Table selectors and SELECTOR types
  
  Table selectors allow performing partial spec runs. This can be useful during
  spec development. All options are applied in sequence to the execution plan.
  --skip-all, --force-all, --only, and --force-only options can be specified as
  a first table selector only. --only, --force-only, --skip, --enable, --force,
  and --force-with-downstream options accept a SELECTOR, which can be one of:
    * unprocessed table name, as it was defined in the spec,
      e.g. --skip spec:marketing_analytics,
    * processed table name after all preprocessors have been applied,
      e.g. --skip db:development.john_marketing_analytics,
    * table tag, e.g. --enable tag:marketing.
  Table names can be filtered using three matchers:
    * literal table name, e.g. --skip spec:marketing_analytics,
    * table name pattern - an asterisk can be used as a wildcard at the
      beginning or at the end of each table name segment,
      e.g. --force spec:prod_*.marketing_*,
    * table name regex - regex has to be surrounded with /,
      e.g. --force spec:/^marketing.*/,
  Please refer to the User Manual for further reference.
  
  Example:
    napkin run --only tag:marketing --enable spec:sales_totals --skip spec:marketing_mailing_*

CLI UI

  • -p, --show-progress – will enable terminal UI that will display spec execution progress.

Napkin CLI UI

Dry runs

  • -r, --dry-run – will perform a dry run of the Spec. Napkin will always print Spec execution plan prior to executing queries, so this can be used to verify if partial run options have been applied correctly:

shell

napkin run --dry-run --force-only "spec:artist*" --skip "spec:*hashes*"
[2022-01-13 10:30:00][Info] Determining tables for update...
[2022-01-13 10:30:00][Info] Forced tables: none
[2022-01-13 10:30:00][Info] Skipped tables:
- artists_hashes -> development.unknown_artists_hashes
- day_totals -> development.unknown_day_totals
- day_totals_2 -> development.unknown_day_totals_2
- first_run_at -> development.unknown_first_run_at
- long_to_wide -> development.unknown_long_to_wide
- popular_tracks_for_pink_floyd -> development.unknown_popular_tracks_for_pink_floyd
- random -> development.unknown_random
- total_sales_by_year -> development.unknown_total_sales_by_year
- update_daily -> development.unknown_update_daily
- update_on_upstream -> development.unknown_update_on_upstream

[2022-01-13 10:30:00][Info] Unmanaged tables that will be used as an input in this run:
- chinook.Album
- chinook.Artist
- chinook.Track

[2022-01-13 10:30:00][Info] Managed tables that will be used as an input in this run, but will not be updated: none
[2022-01-13 10:30:00][Info] Managed tables that will be updated in this run:
- artist_album_count -> development.unknown_artist_album_count
- artist_album_count_via_mustache -> development.unknown_artist_album_count_via_mustache
- artist_album_count_via_mustache_2 -> development.unknown_artist_album_count_via_mustache_2
- artist_track_count -> development.unknown_artist_track_count
- artist_track_count_2 -> development.unknown_artist_track_count_2
- artist_track_count_view -> development.unknown_artist_track_count_view

[2022-01-13 10:30:00][Info] Estimated runtime: 35s
[2022-01-13 10:30:00][Warning] Dry run, aborting execution.

Partial spec runs

During Spec development it’s convenient to execute only tables the developer is working on. This allows for shorter feedback loop and can reduce costs as well. Napkin provides a number of command-line options that can be used to cherry-pick tables that will be executed during particular run. However, we don’t recommend using them for production runs.

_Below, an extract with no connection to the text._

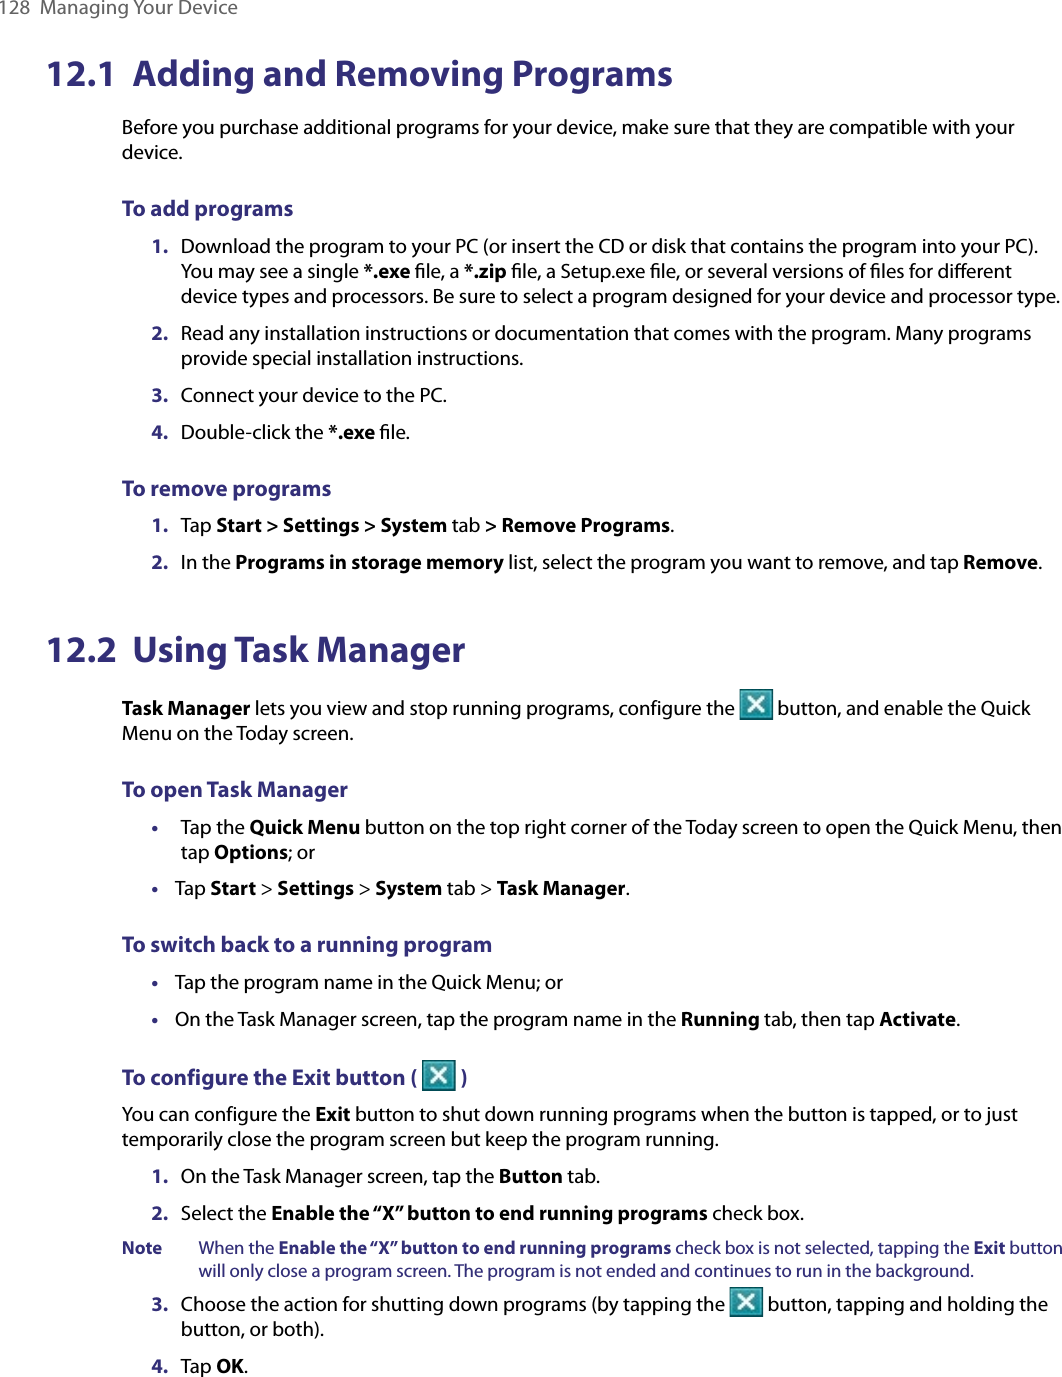 128  Managing Your Device12.1  Adding and Removing ProgramsBefore you purchase additional programs for your device, make sure that they are compatible with your device.To add programs 1.  Download the program to your PC (or insert the CD or disk that contains the program into your PC). You may see a single *.exe ﬁle, a *.zip ﬁle, a Setup.exe ﬁle, or several versions of ﬁles for diﬀerent device types and processors. Be sure to select a program designed for your device and processor type. 2.  Read any installation instructions or documentation that comes with the program. Many programs provide special installation instructions. 3.  Connect your device to the PC.4.  Double-click the *.exe ﬁle.To remove programs1.  Tap Start &gt; Settings &gt; System tab &gt; Remove Programs.2.  In the Programs in storage memory list, select the program you want to remove, and tap Remove.12.2  Using Task ManagerTask Manager lets you view and stop running programs, configure the   button, and enable the Quick Menu on the Today screen.To open Task Manager•  Tap the Quick Menu button on the top right corner of the Today screen to open the Quick Menu, then tap Options; or•  Tap Start &gt; Settings &gt; System tab &gt; Task Manager.To switch back to a running program•  Tap the program name in the Quick Menu; or•  On the Task Manager screen, tap the program name in the Running tab, then tap Activate.To configure the Exit button (   )You can configure the Exit button to shut down running programs when the button is tapped, or to just temporarily close the program screen but keep the program running.1.  On the Task Manager screen, tap the Button tab.2.  Select the Enable the “X” button to end running programs check box.Note When the Enable the “X” button to end running programs check box is not selected, tapping the Exit button will only close a program screen. The program is not ended and continues to run in the background.3.  Choose the action for shutting down programs (by tapping the   button, tapping and holding the button, or both).4.  Tap OK.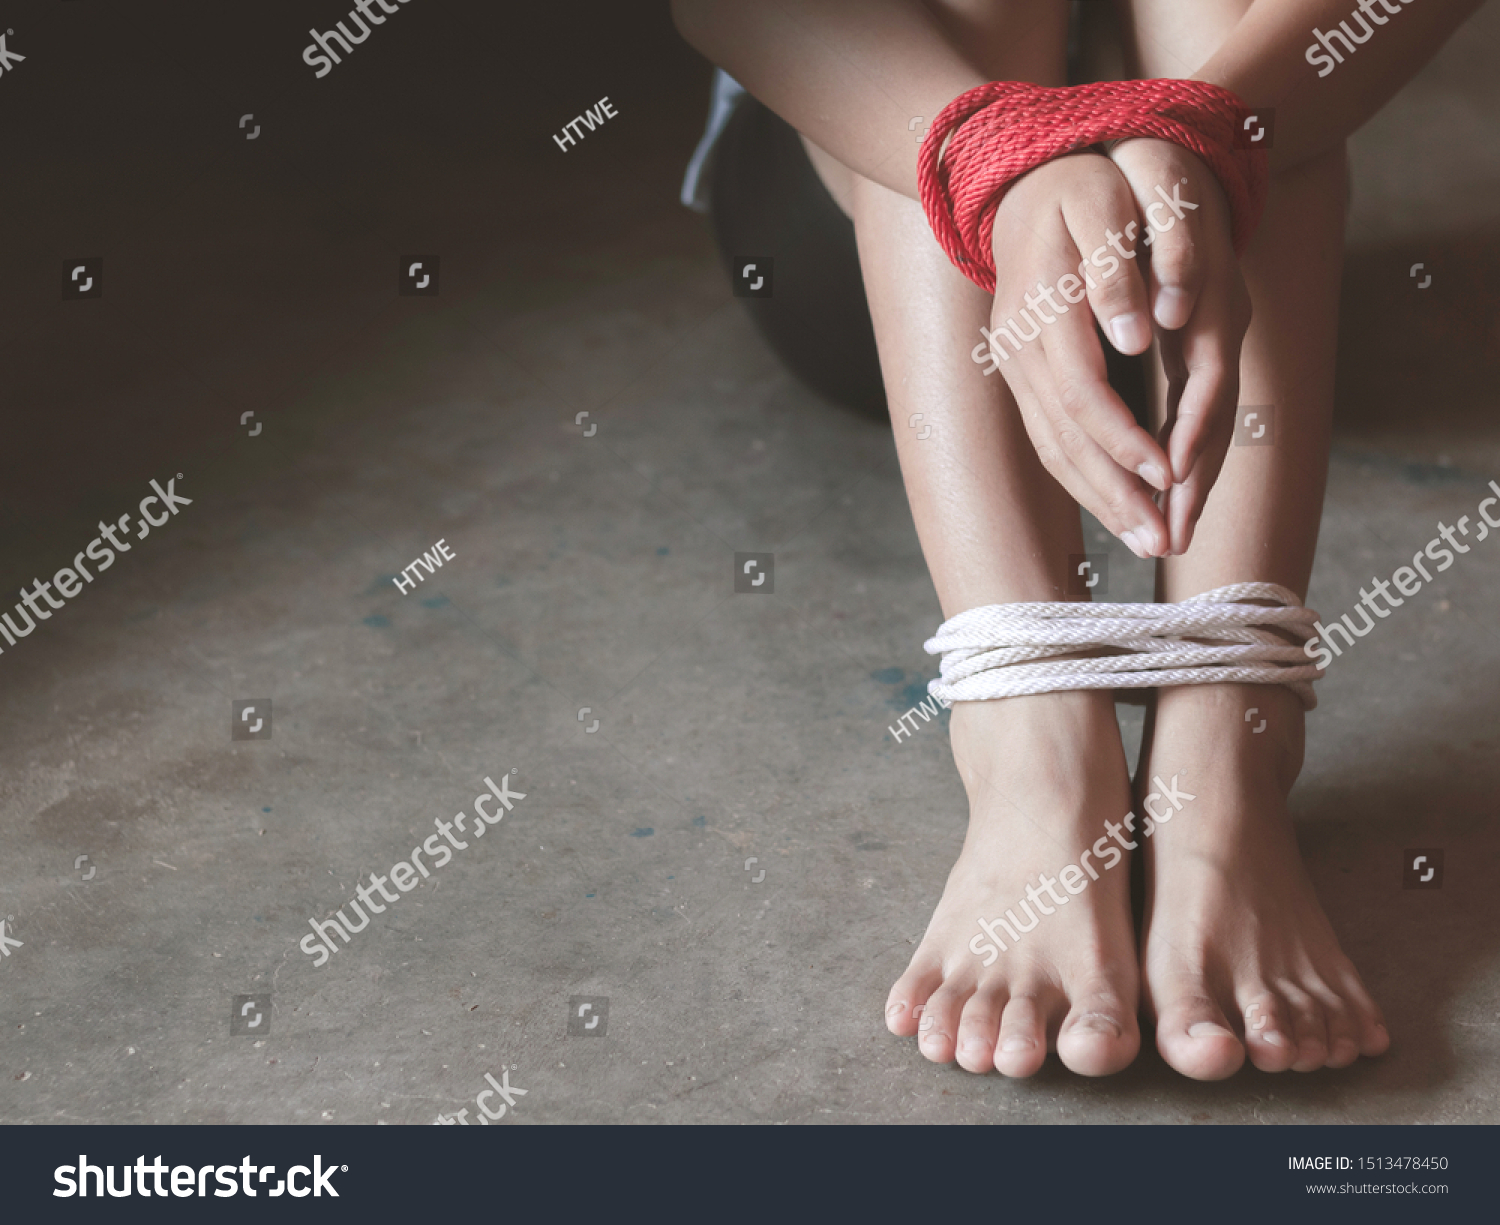 Young Girls Kidnapped Tied Up

All flags mentioned below will amend the execution plan in their order of appearance.

Initial execution plan:

  • --skip-all will disable execution of all tables. Typically, it’d be combined with other options that will enable or force some tables.
  • --force-all will force execution of all tables. This overrides any update strategy that was set in table definitions.
  • --only will disable execution of all tables and enable tables that fulfill the selector. This brings back any update strategy that was set in table definitions. Synonym of --skip-all --enable SELECTOR.
  • --force-only will disable execution of all tables and force tables that fulfill the selector. This overrides any update strategy that was set in table definitions. Synonym of --skip-all --force SELECTOR.

Updating execution plan:

  • --force will force tables that fulfill the selector. This overrides any update strategy that was set in table definitions.
  • --force-with-downstream and --force-with-upstream will force tables that fulfill the selector as well as all tables depend on them on either direction. This overrides any update strategy that was set in table definitions.
  • --enable will void any changes to execution plan that were introduced with previous option for tables that fulfill the selector and will bring back any update strategy that was set in table definitions.
  • --skip will disable execution of the tables that fulfill the selector.

Table selectors

--only, --force-only, --force, --force-with-downstream, --enable, and --skip options accept a table selector. Napkin will fail when no tables match a selector, which may indicate user error.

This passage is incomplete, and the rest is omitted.